Ora che Sàito non c’è più, venuta meno ogni remora, sarebbe il caso di rileggere le opere e di farle conoscere come una parte di noi che, emergendo, si accetta e si ama. La sua opera appartiene a tutti, per l’anelito di indipendenza e di libertà che trasuda, per l’aspirazione ad un bene condiviso, per il bisogno che è nell’uomo di farsi valere, al di là delle apparenze e delle mistificazioni che lo schiavizzano e rendono anonimo o insignificante. Essa tiene a precisare che la dignità è un bene da tutelare e difendere, a costo di fuggire o chiudersi nella solitudine, come fanno Enrico e Carla di Una voce, che fuggono da Roma cadente e decrepita, salvando sé stessi e la propria umanità, ritrovando il loro essere autentico e vivo.
Ma, a parte la sua significativa presenza nella letteratura e le prese di posizione nel dibattito politico-sociale, Nello Sàito fu un siciliano rispettoso della sua terra, sempre orgoglioso delle sue origini, pronto a difendere in ogni occasione e, al momento opportuno, altrettanto pronto a denunciare le negatività che oscurano l’immagine della Sicilia e la rendono refrattaria ai cambiamenti; e la sognava autonoma, spiritualmente indipendente, sovrana come nell’antichità, al centro del Mediterraneo, un’altra Svizzera, gestita da uomini non condizionati da politiche centriste ma da siciliani veraci e intelligenti.

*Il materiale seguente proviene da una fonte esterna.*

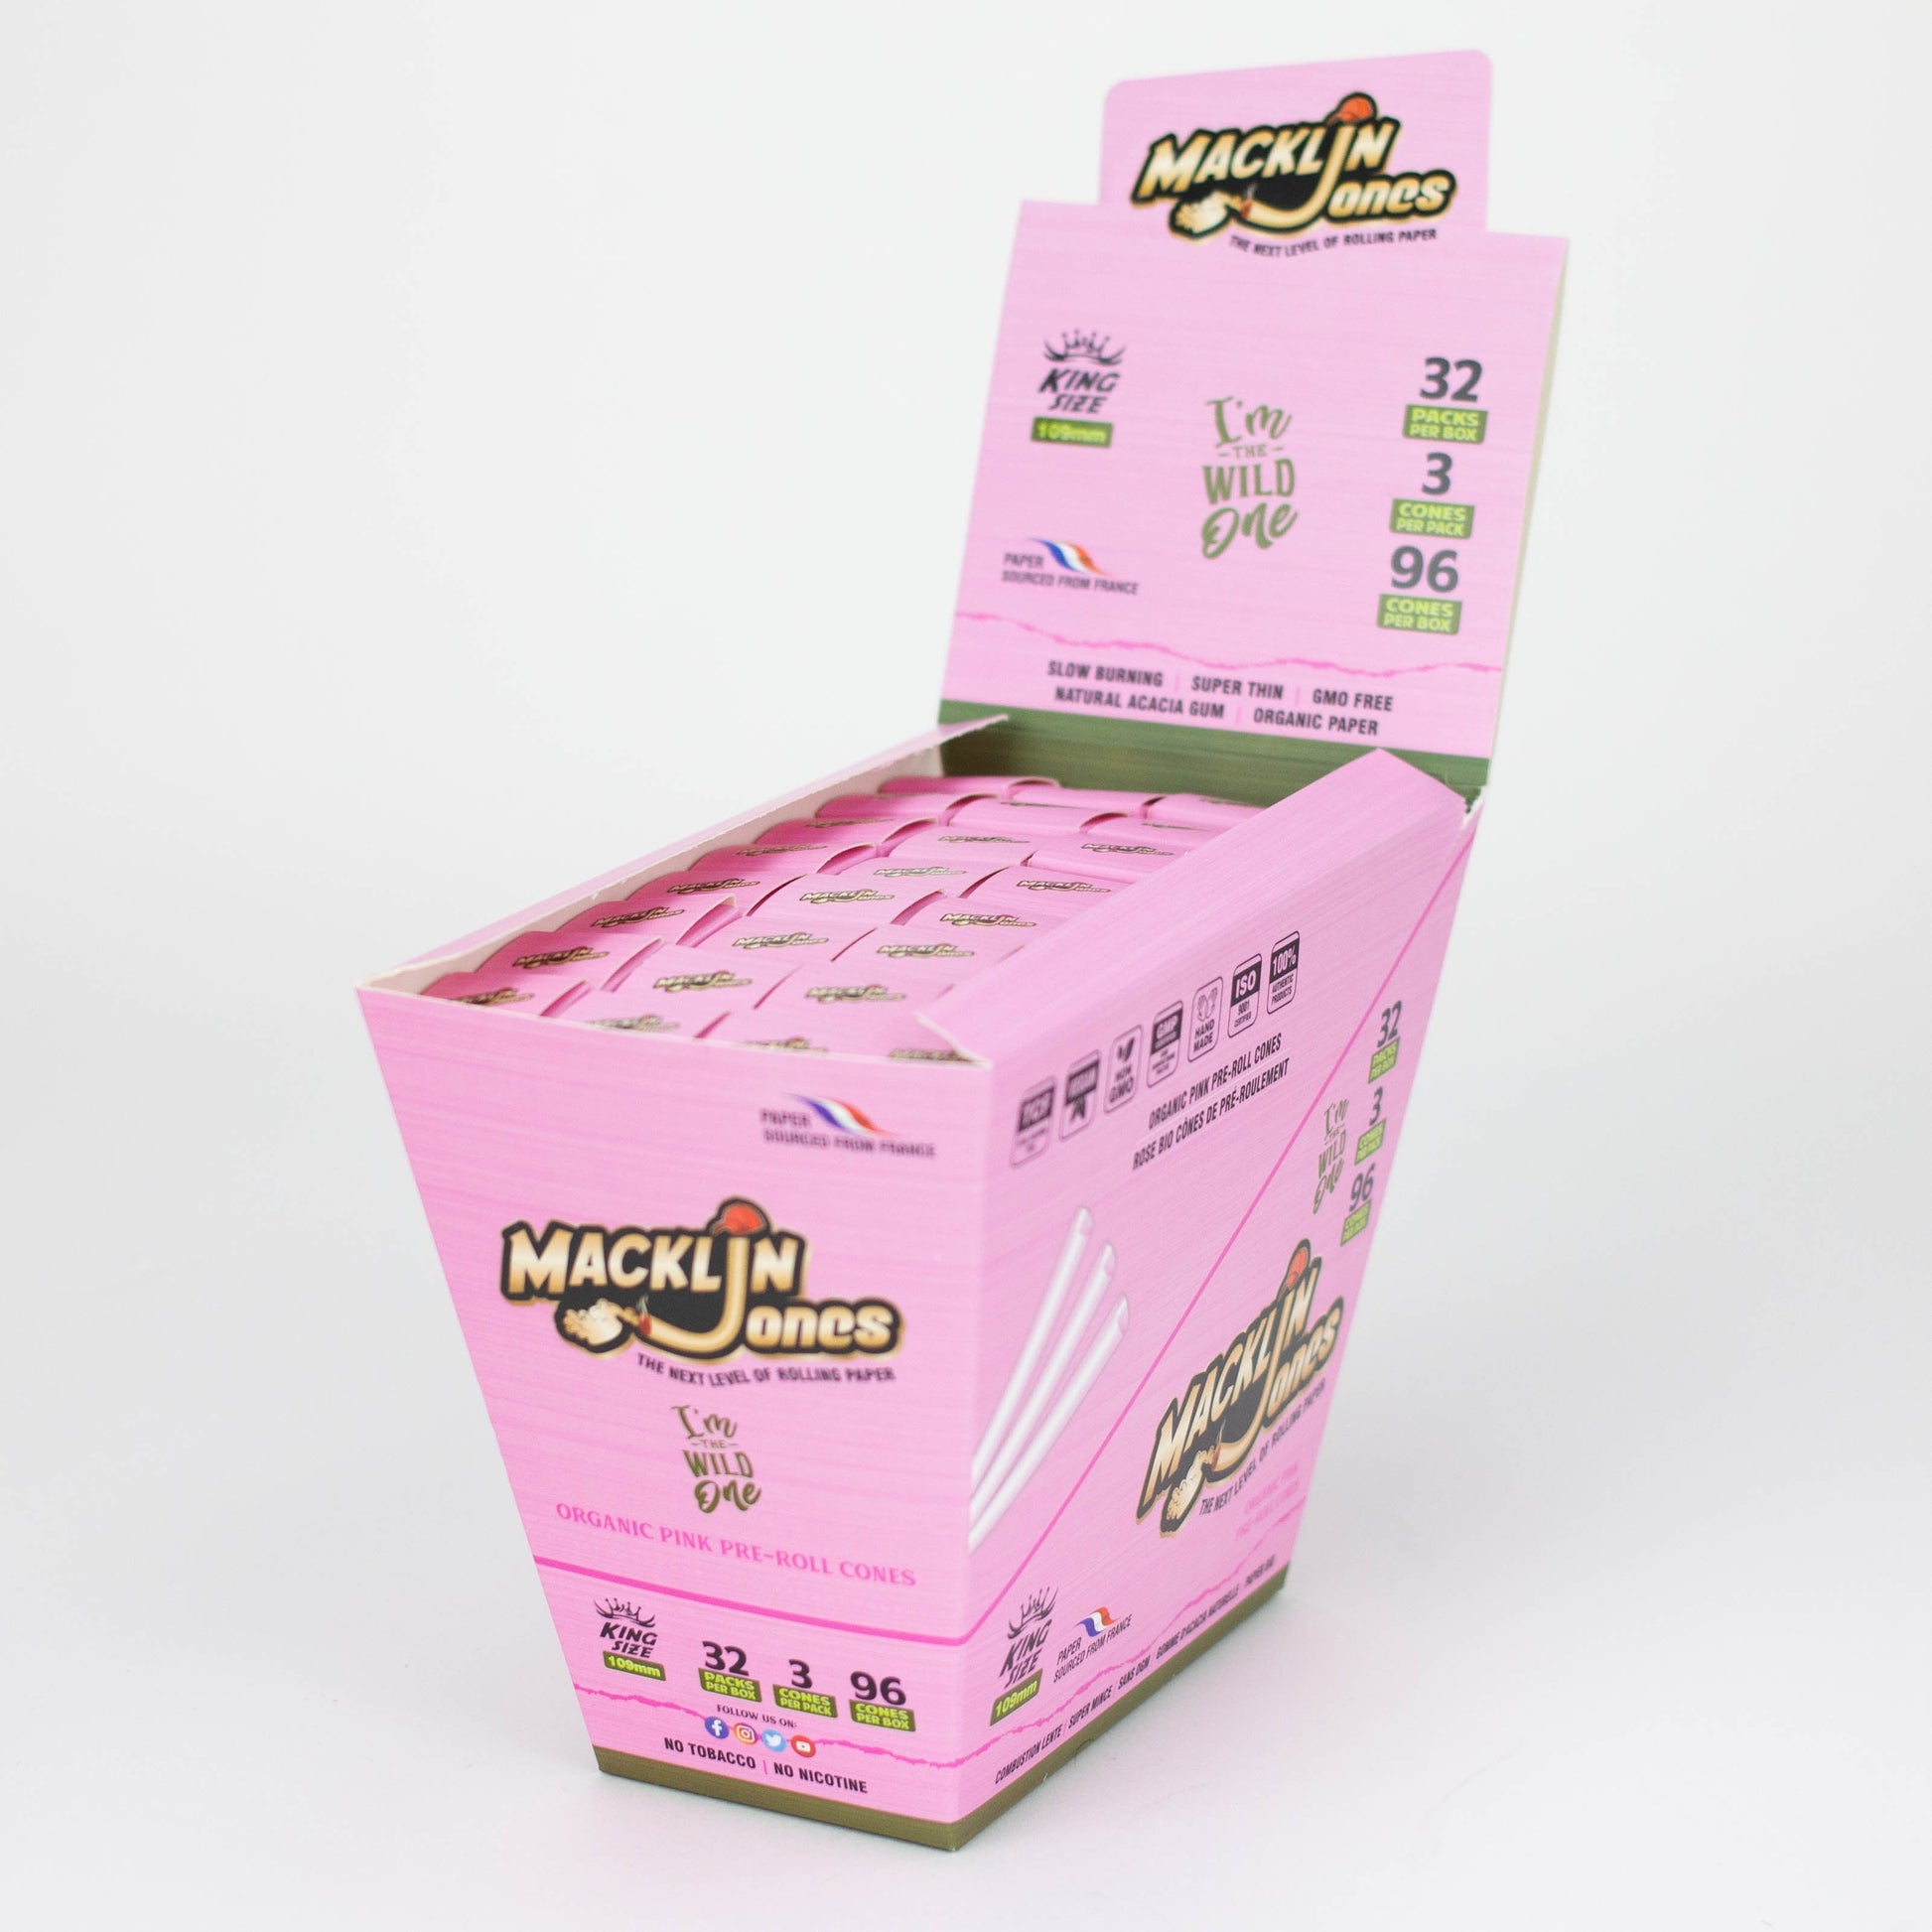 Macklin Jones - Rose Pink Pre-Rolled cone Box_1

Questa la sua sicilianità, bella, sinceramente sentita e apertamente dichiarata.
Vorremmo che Nello Sàito venisse ricordato anche per questo, ma, prima di ogni cosa, che la sua opera fosse conosciuta, perché lo scrittore, il commediografo, il saggi sta, possano emergere nella vera luce e indicare ai lettori quei principi di indipendenza assoluta per cui valse (e vale) battersi una vita.
Salvatore Vecchio
Da “Spiragli”, anno XVIII, n.1, 2006, pagg. 3-5.